Hamilton (Bermuda) (AFP)
Peter Burling and Emirates Team New Zealand, out to expunge the bitter memory of 2013, handed defenders Oracle Team USA two defeats Saturday to open the 35th America's Cup.
Burling, the Kiwis' 26-year-old helmsman, said there's plenty to improve on, but he praised his crew's poise in twice holding off the challenge of experienced skipper Jimmy Spithill, who is trying to bring the "Auld Mug" to America for a third straight time.
"I think it's no secret that to win the America's Cup you have to -- in our case -- win eight races," said Burling, whose Kiwis went into the first-to-seven points series one-down on the Americans thanks to Oracle's bonus point for topping the qualifying round-robin.
"We're really happy to get two races on the board early, but we're under no illusion ... it's going to get a lot harder than that -- and it was relatively hard today," Burling said.
Spithill did New Zealand a giant favor when he was seconds early across the startline in the first race.
Forced to drop back two boat lengths, the Americans couldn't recover as the Kiwi catamaran displayed impressive speed foiling in the light winds on Bermuda's Great Sound.
"We had a little issue on board at the first start. We actually thought we were coming back where we wanted to and as it turns out it's something we're going to have to go back and look at," Spithill said. "We basically just handed that one to them."
A late mistake saw New Zealand plunge off their foils and slow dramatically, but even that wasn't enough of a window for Spithill and New Zealand won by 30 seconds.
"It wasn't exactly our best maneuver," Burling said. "I think the really pleasing thing out of it is ... we still managed to get the job done no worries.

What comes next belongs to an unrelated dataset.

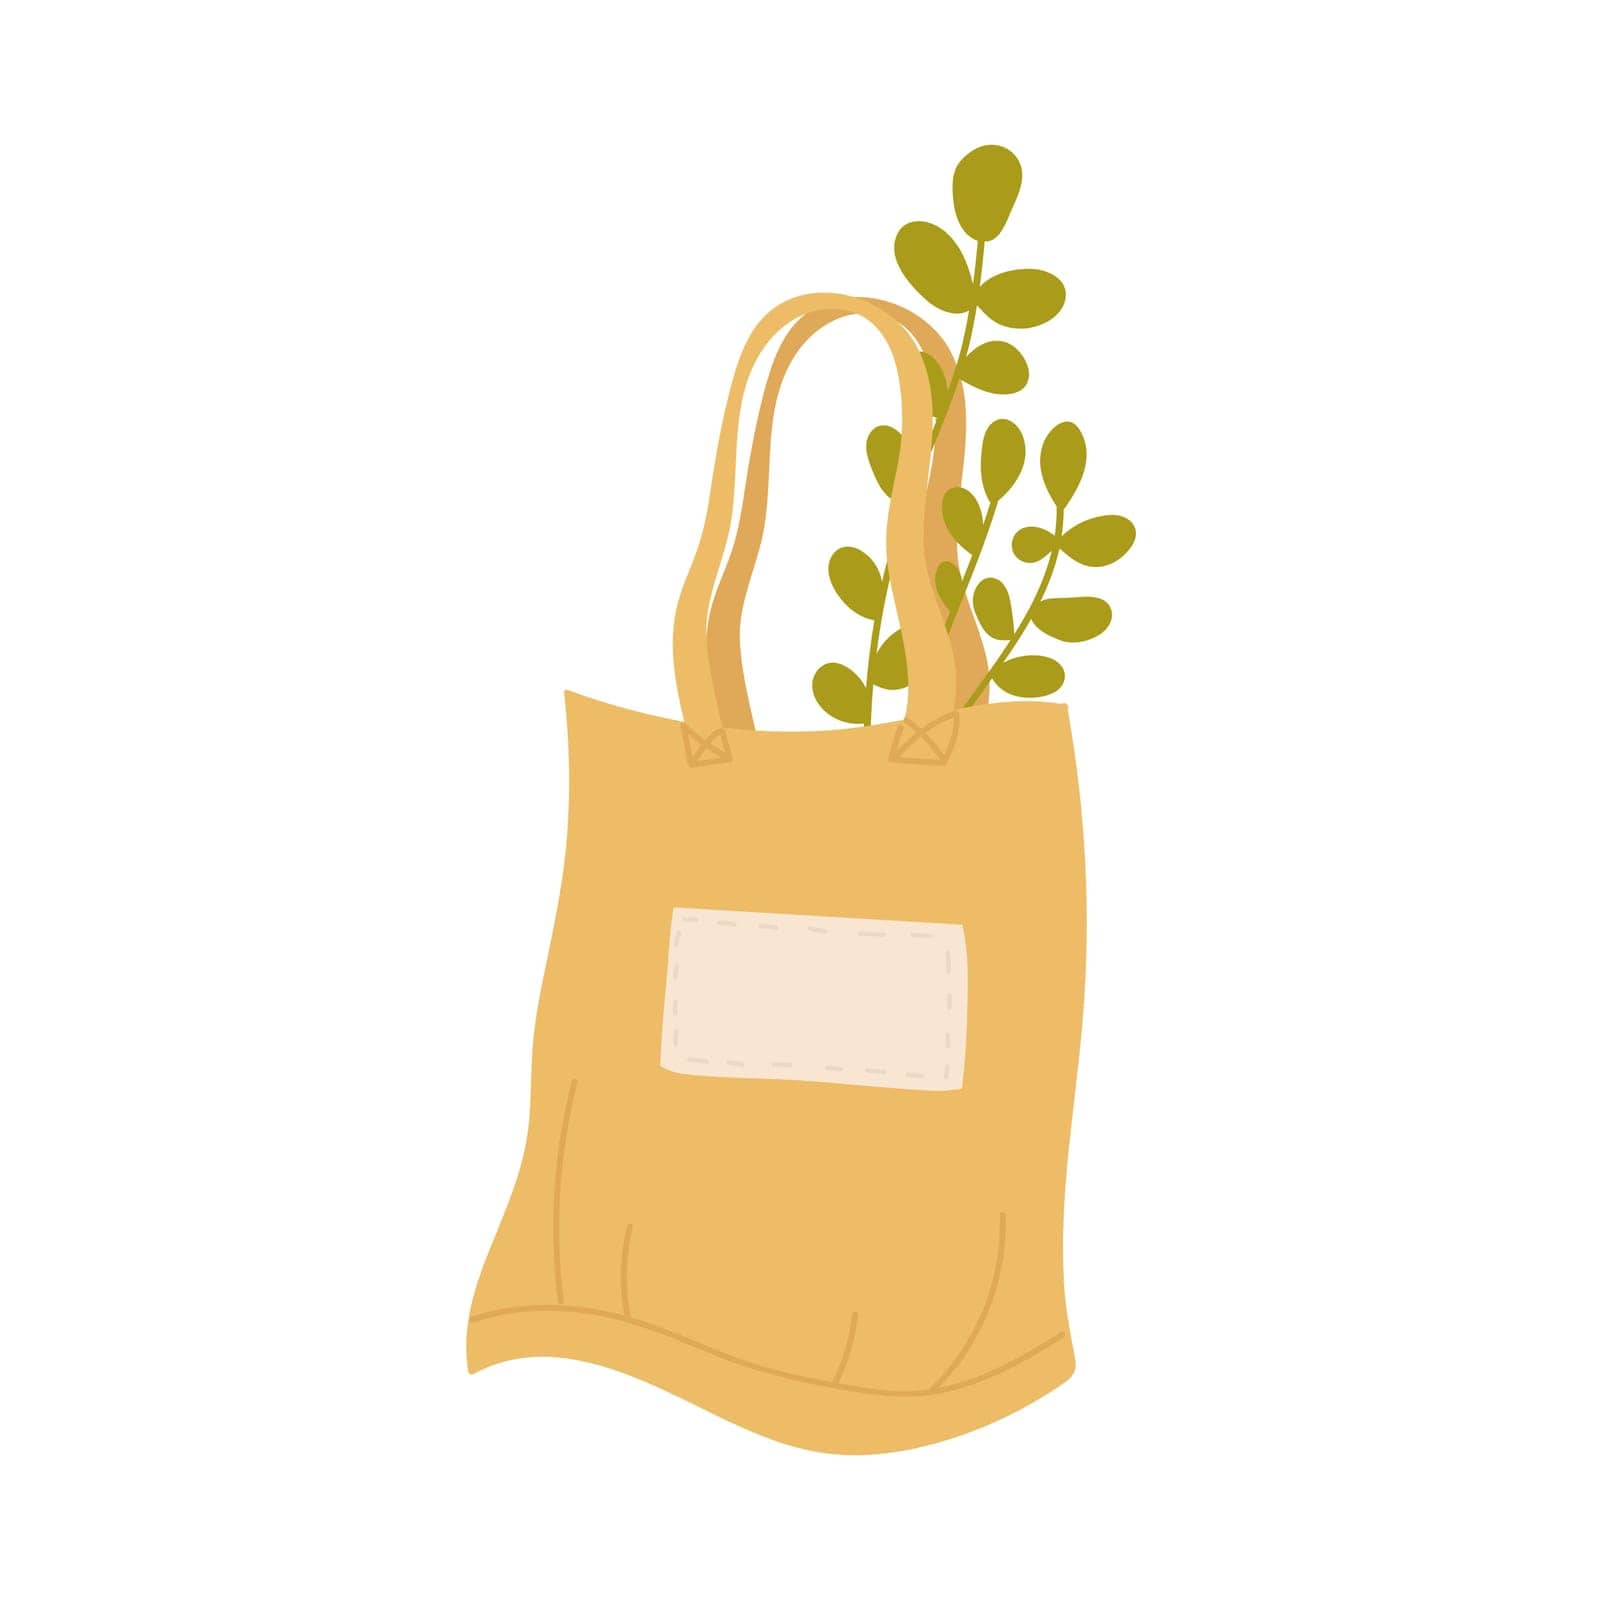 Reusable organic bag. Cotton natural products, zero waste shopping vector illustration

I was really happy with the way the guys kept their composure today.
"It's been no secret the winds were really tricky out there for breeze shifts. In lighter air the boats are really hard to handle and if you make a small mistake it ends up being a really costly one."
Burling, the 26-year-old whose pre-start prowess was called into question during challenger qualifying, won the start of the second race and New Zealand steadily built their lead -- but there was to be late drama again.
The USA, down by 1:34 rounding mark four, were able to capitalize on a wind shift on the fifth leg to close within three seconds as they approached the fifth mark.
- 'Tough day' -
Team New Zealand held their nerve to round the mark in front and Oracle produced a sloppy jibe that saw them come off their foils, their bows ploughing into the water as New Zealand powered to a win by 1:28.
"It was obviously a tough day," Spithill said. "Clearly we weren't sailing at our best, but we also had our opportunities.
"But these guys (New Zealand) at the end of the day made fewer mistakes," Spithill added. "The good news is, we're only one back."
That one-point advantage certainly won't give Burling and New Zealand any sense of complacency.
Four years ago in San Francisco, a New Zealand team helmed by Dean Barker were 8-1 up and within one race win of victory when Team USA roared back for a 9-8 triumph in one of sport's greatest comebacks.